I dumped leftover Eco-complete that I already had and bought the Java Moss from my LFS. The JM hasn't taken off. I suspect the GF are grazing on new shoots  We got the A. Nana from another LFS. She is getting surprisingly good growth from the A. Nana. We started with one small plant with about 15 leaves and now with have 4 individual plants and about 30 leaves in total. The more we cut, the faster new leaves come out  Each length of rhizome is sprouting about 3 leaves a week. 

The plan is to turn the tank into a A. Nana forest  Ive been looking for more low light plants around, but havent seen any that strikes our fancy. 

take 1








take 2








update 1


----------



## VeeSe (Apr 16, 2011)

tank is too small for goldfish but if your daughter won them at the school fair, nothing you can do I guess if you don't have a bigger tank.


----------



## Bree (Dec 17, 2010)

That tank isn't going to be enough for those goldfish for much longer, in a month they will more than likely outgrow it and a 29 gallon or bigger will be required...

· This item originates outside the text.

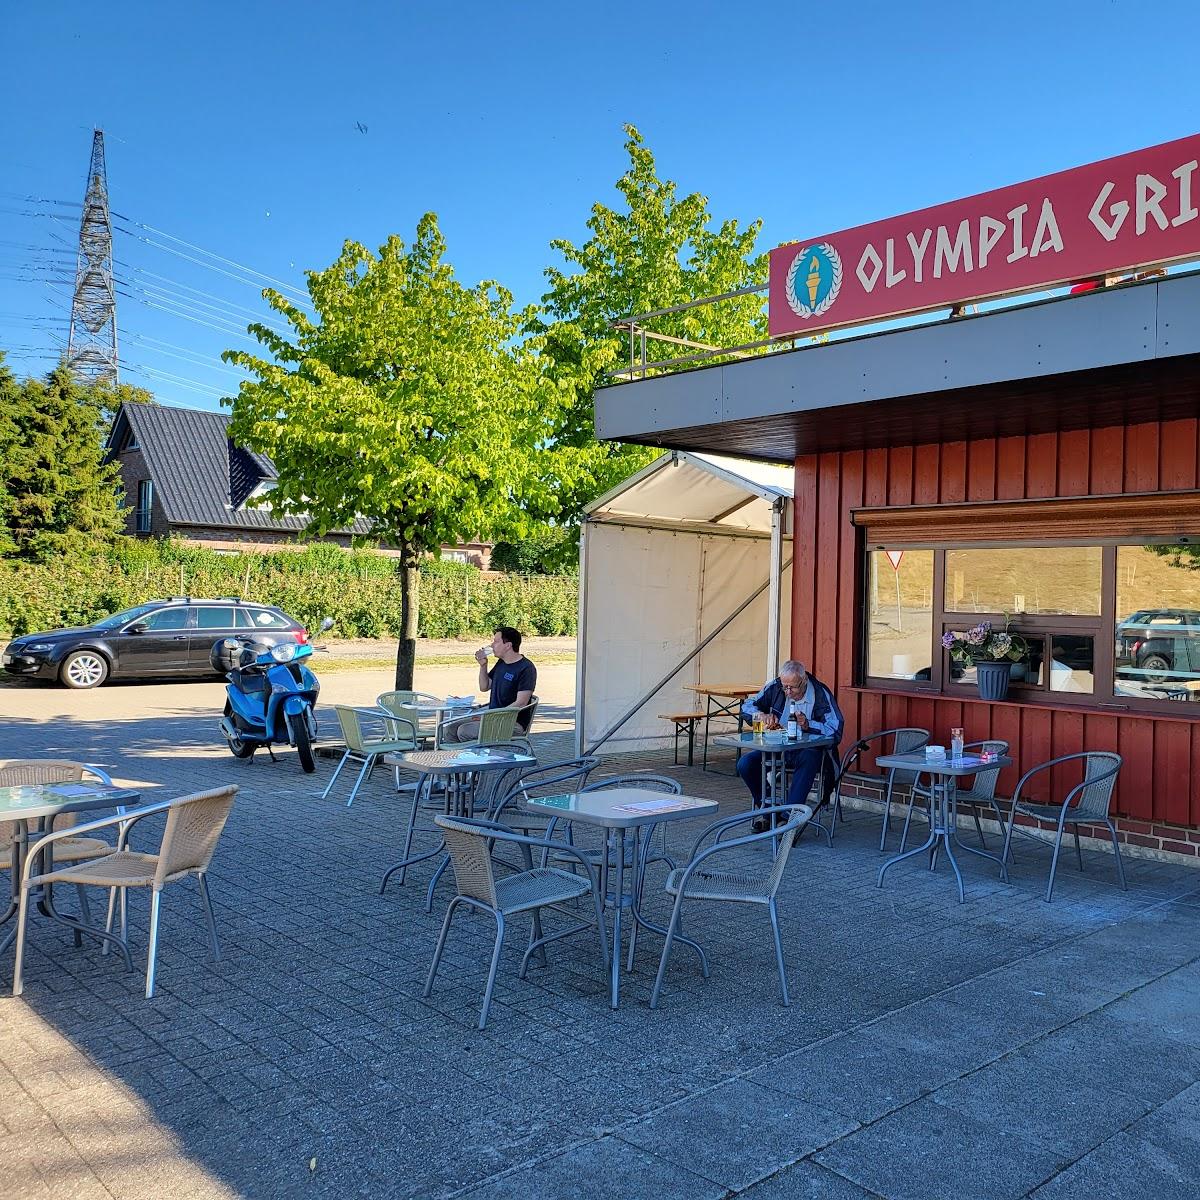 Restaurant "Olympia Grill" in Hollern-Twielenfleth

The scape looks great though, nice job on that!!


----------



## lauraleellbp (Feb 3, 2008)

Agreed on the goldfish. If they're comets, they're going to need massive tanks, or ideally a pond- they'll grow to well over 12" long if housed properly.

Plus goldies are notorious plant munchers.

Tank looks nice, though!


----------



## peguinpower (May 15, 2011)

Its not fair that the school shoves 10 cent fish onto unsuspecting kids, and parents are stuck spending 50 bucks on aquarium stuff due to the kid's emotional attachment. We'll give them to the lfs when the time comes. Theyll probably end up as feeders  im thinking, the daughter might like shrimp keeping


----------



## lauraleellbp (Feb 3, 2008)

peguinpower said:


> Its not fair that the school shoves 10 cent fish onto unsuspecting kids, and parents are stuck spending 50 bucks on aquarium stuff due to the kid's emotional attachment.

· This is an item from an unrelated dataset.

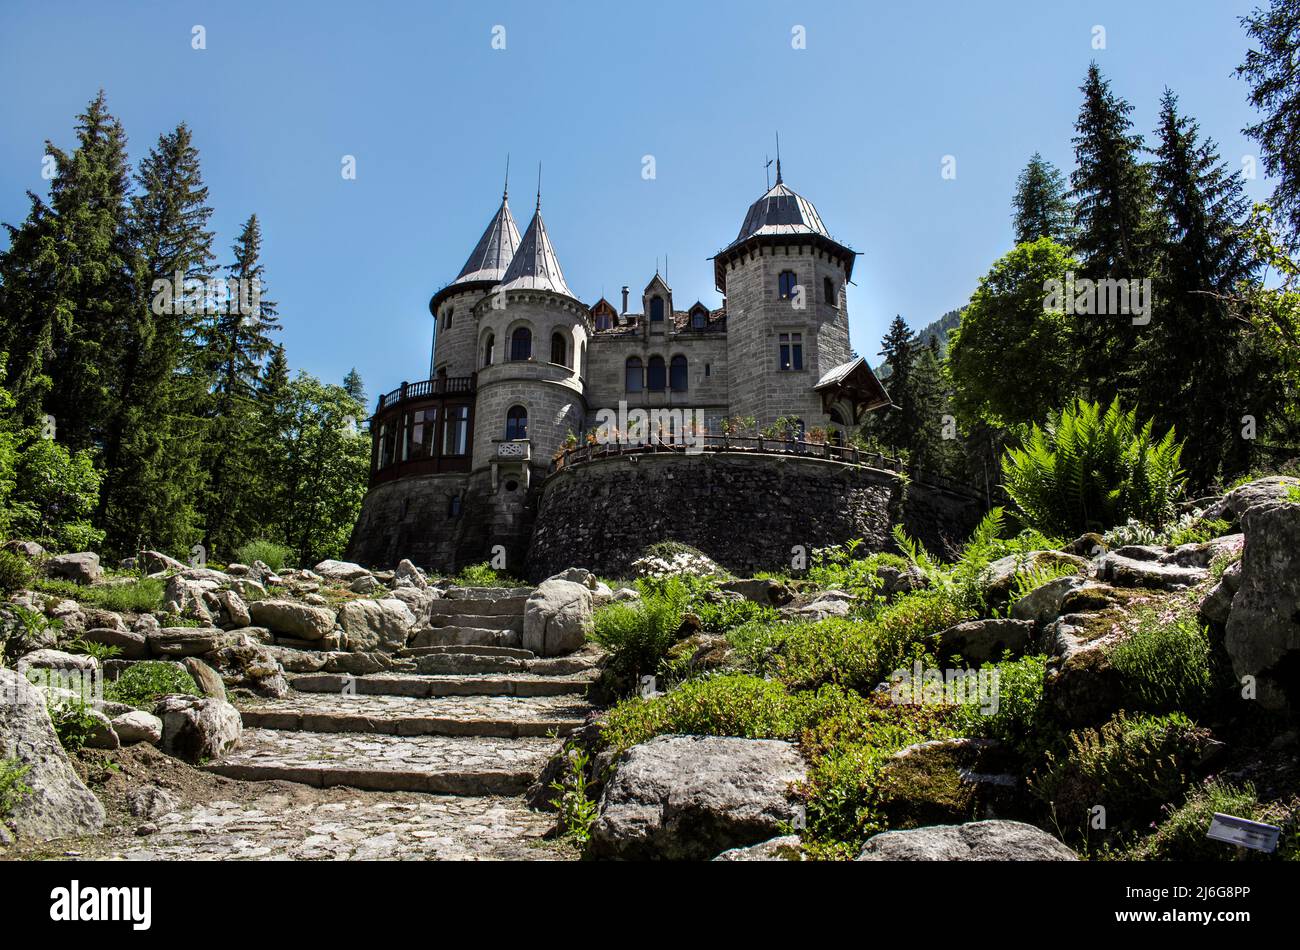 Castello Savoia, Gressoney-Saint-Jean, Aoste, Valle d'Aoste, italia - Château de Savoia, Vallée d'Aoste, Italie Banque D'Images

I couldn't agree with you more.

And IMO shrimp would be a fantastic choice once the goldies have found a new home. roud:


----------



## sampster5000 (Oct 30, 2010)

I hear this story several times a day. Why cant the schools offer tetras?!


----------



## PinoyBoy (Mar 14, 2008)

peguinpower said:


> We'll give them to the lfs when the time comes. Theyll probably end up as feeders im thinking, the daughter might like shrimp keeping


Great choice! Shrimps are the way to go, I imagine them in that tank happy already.



sampster5000 said:


> I hear this story several times a day. Why cant the schools offer tetras?!


10 cents feeder gold fishes > 1 dollar tetras, sometimes as high as 3 dollars each


----------



## peguinpower (May 15, 2011)

Take 2! 

We took out the goldfish coz the automatic feeder we bought for our vacation did not fit in the tank. The GF are now in my Fluval Flora for cycling. 

I bought some Staurogyn Tropica from a member and decided that the 7 watt on the Hex 5g may not be enough. I de-rimmed a 5 g regular that some kid wanted to throw away at my kid's school. I put in the Fluval internal filter and the Fluval 13 watt light that came with my Flora kit and had already upgraded. 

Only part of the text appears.